■ INSTRUCTIONS TO FOLLOW
From the line containing "灰色 桌子 装饰 插画" to the last line of the data, both included, transcribe each line exactly, leaving out pictures and adding nothing.

■ RECORDS FOR THIS TASK

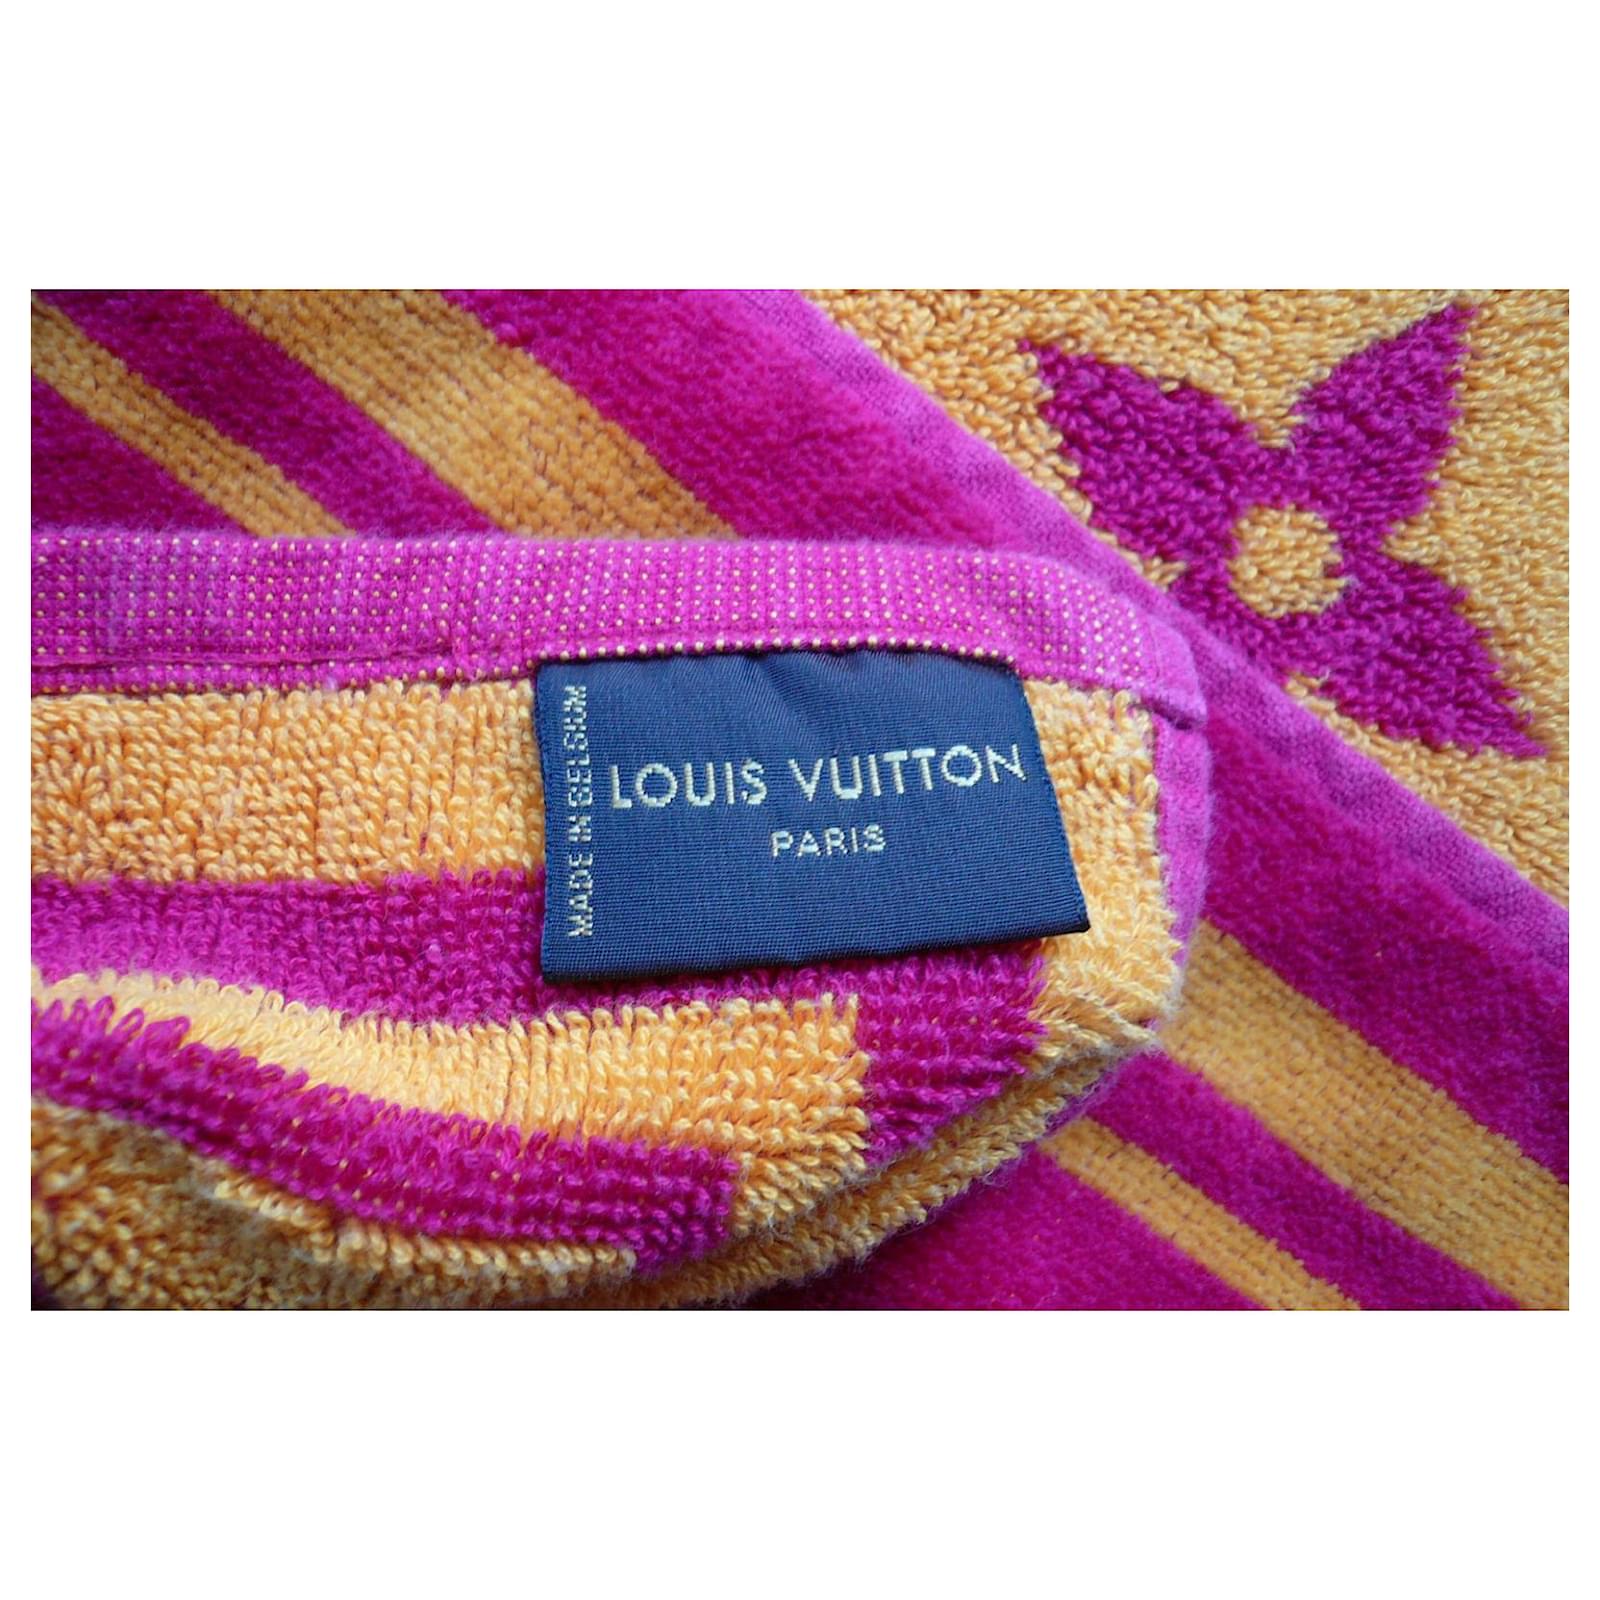 LOUIS VUITTON Beach towel MONOGRAM NEW CONDITION Multiple colors
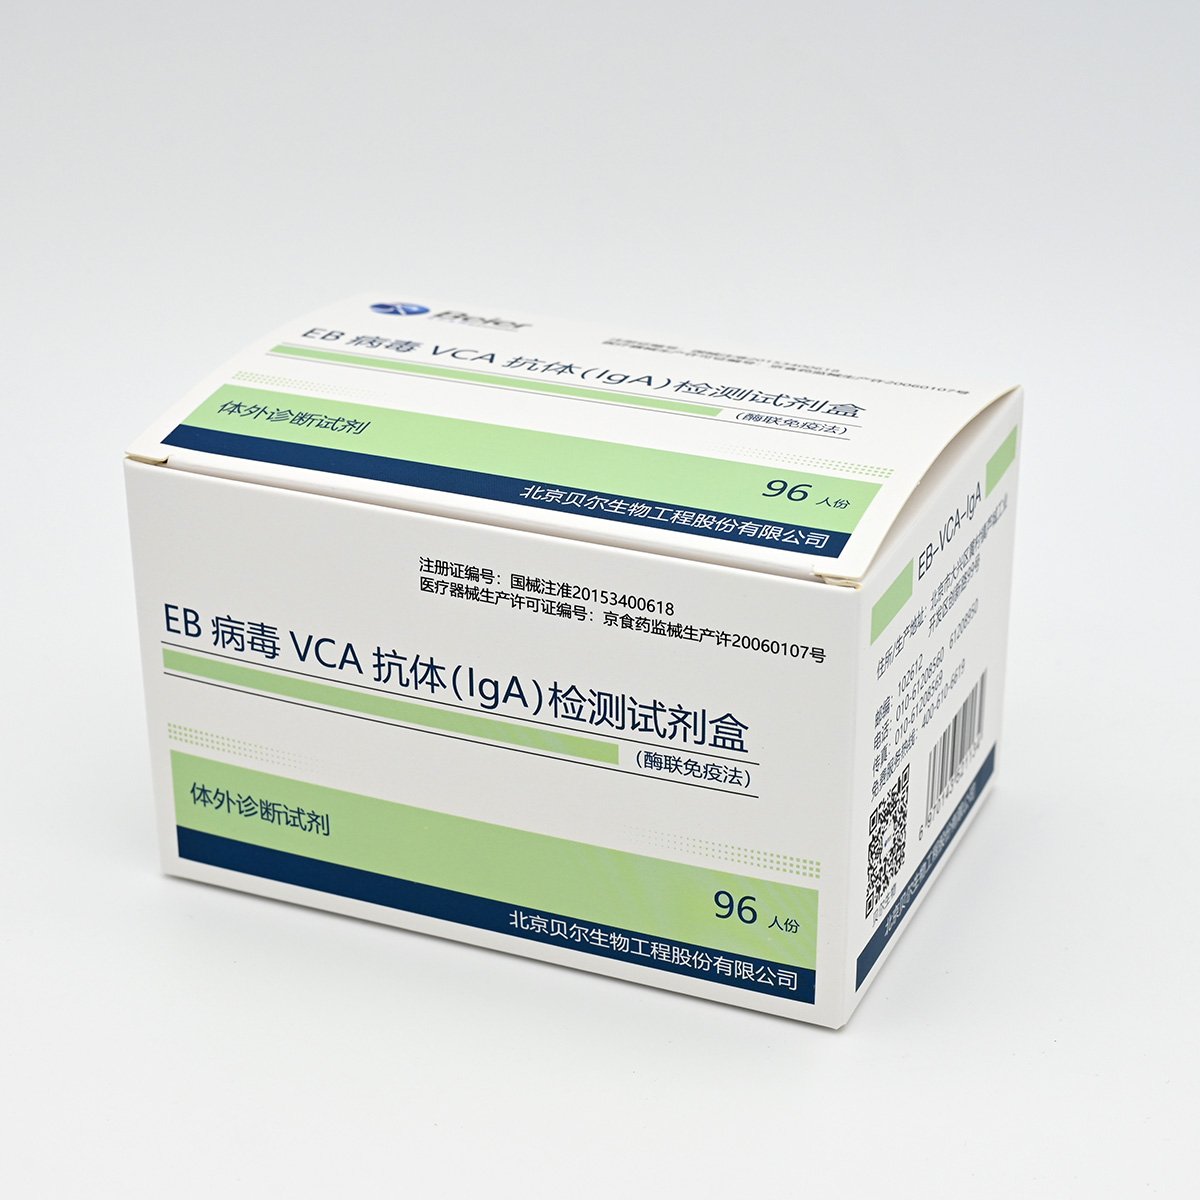 【贝尔】EB病毒VCA抗体(IgA)检测试剂盒(酶联免疫法)
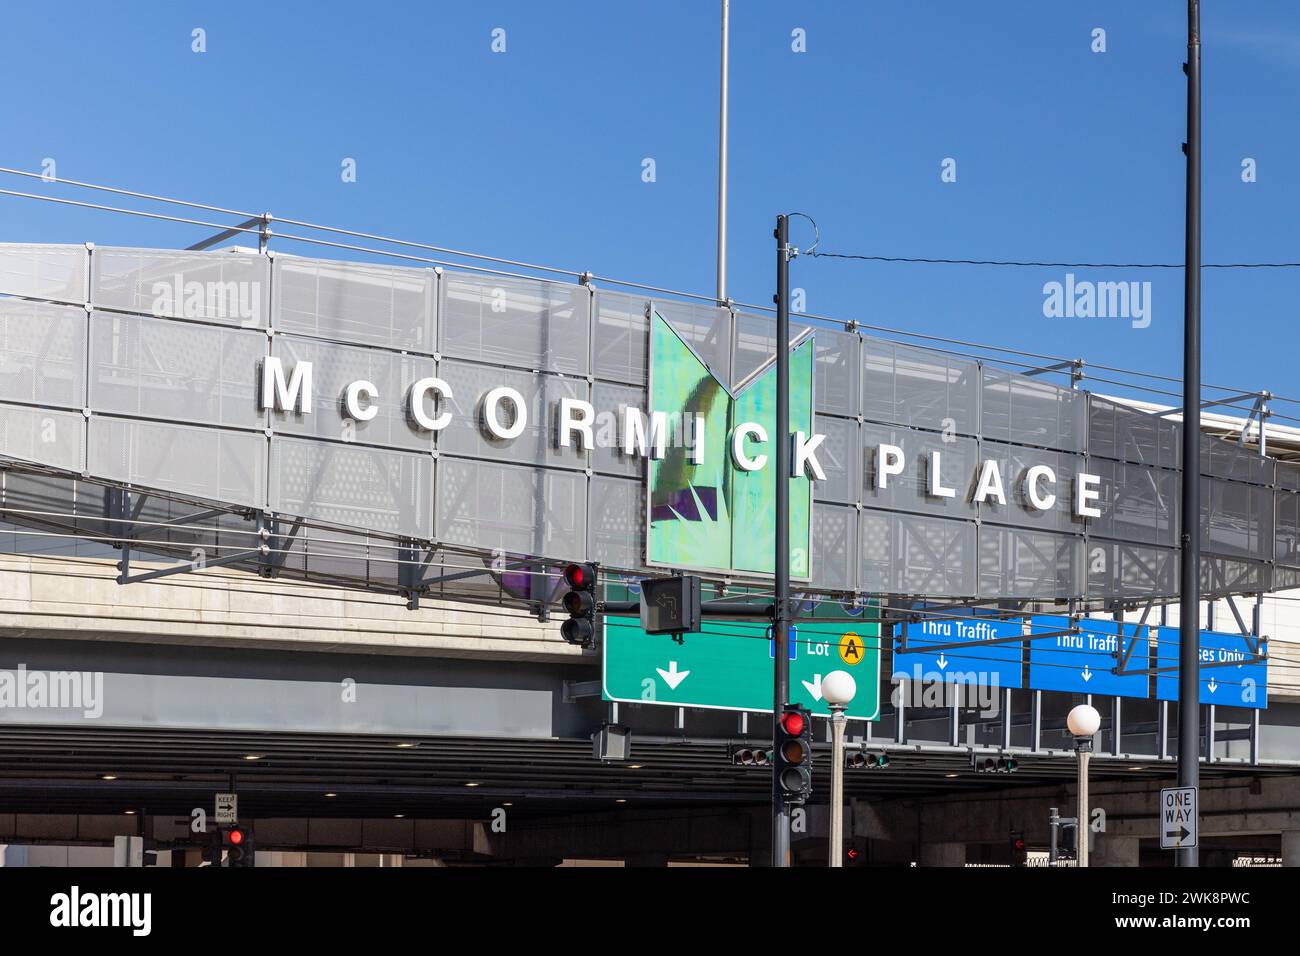 McCormick place Convention Center est le plus grand centre de congrès en Amérique du Nord avec 2,6 millions de pieds carrés d'espace d'exposition. Banque D'Images
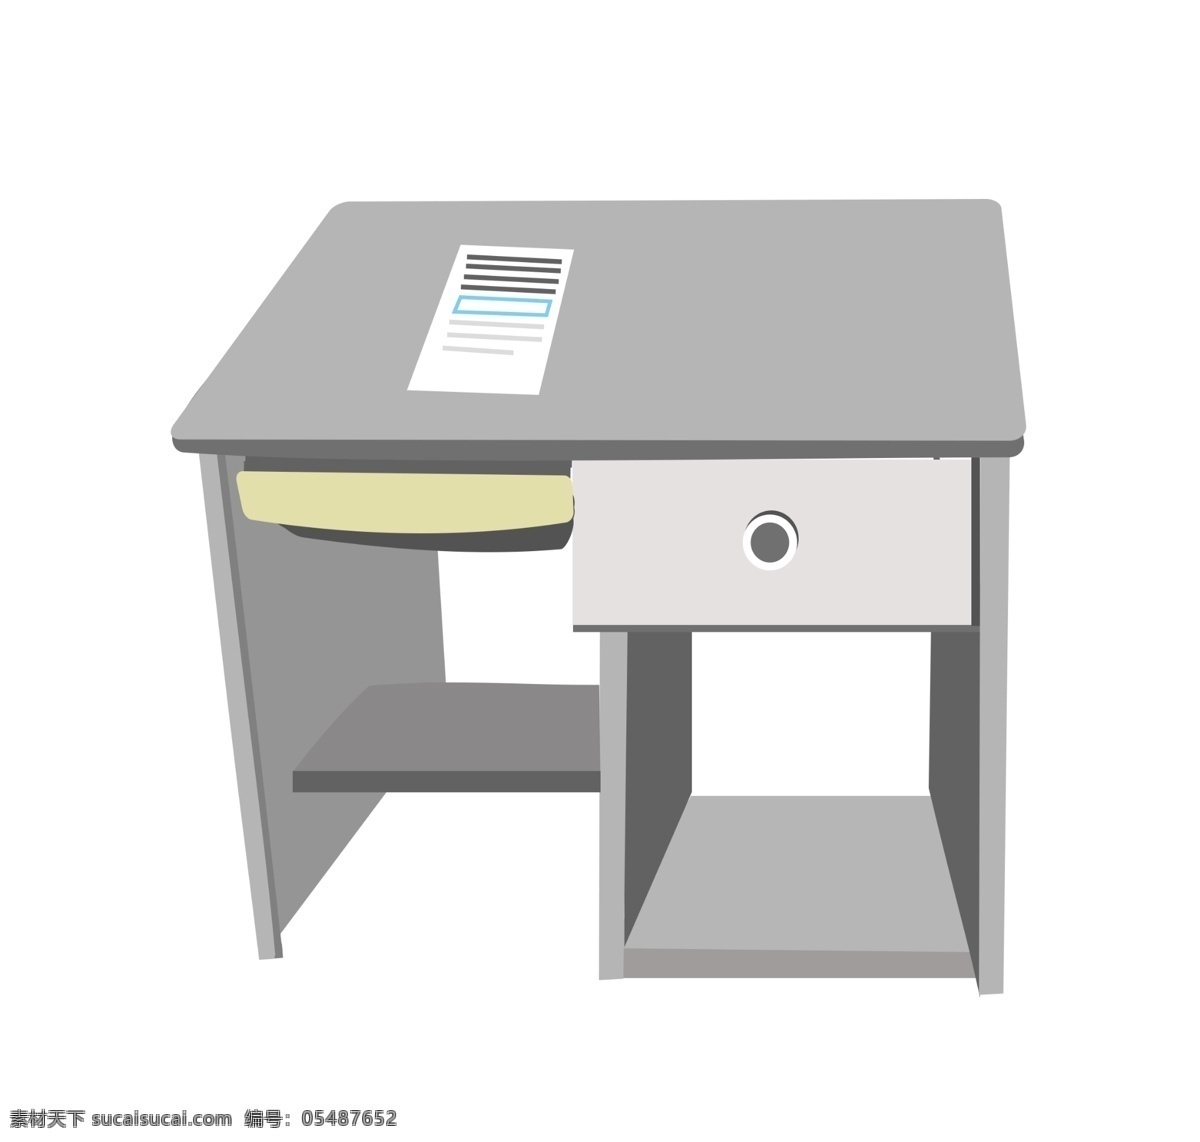 灰色 桌子 装饰 插画 灰色的桌子 漂亮的桌子 桌子装饰 桌子插画 立体桌子 卡通桌子 精美桌子
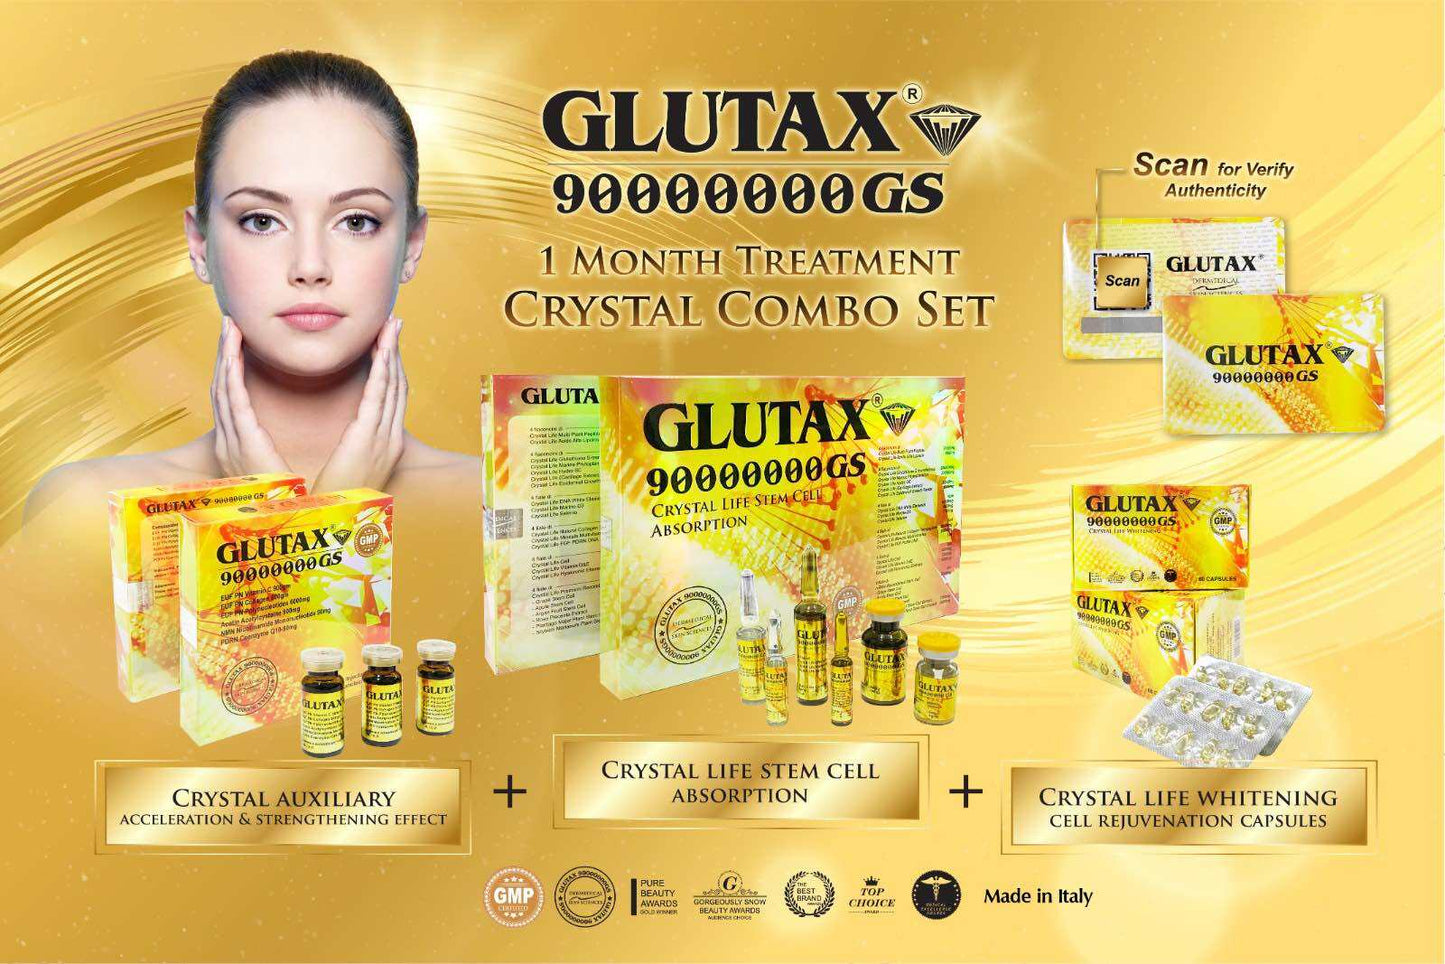 Glutax 90000000GS

■ EXERCISE ANSWER
 灰色 桌子 装饰 插画 灰色的桌子 漂亮的桌子 桌子装饰 桌子插画 立体桌子 卡通桌子 精美桌子
 Glutax 90000000GS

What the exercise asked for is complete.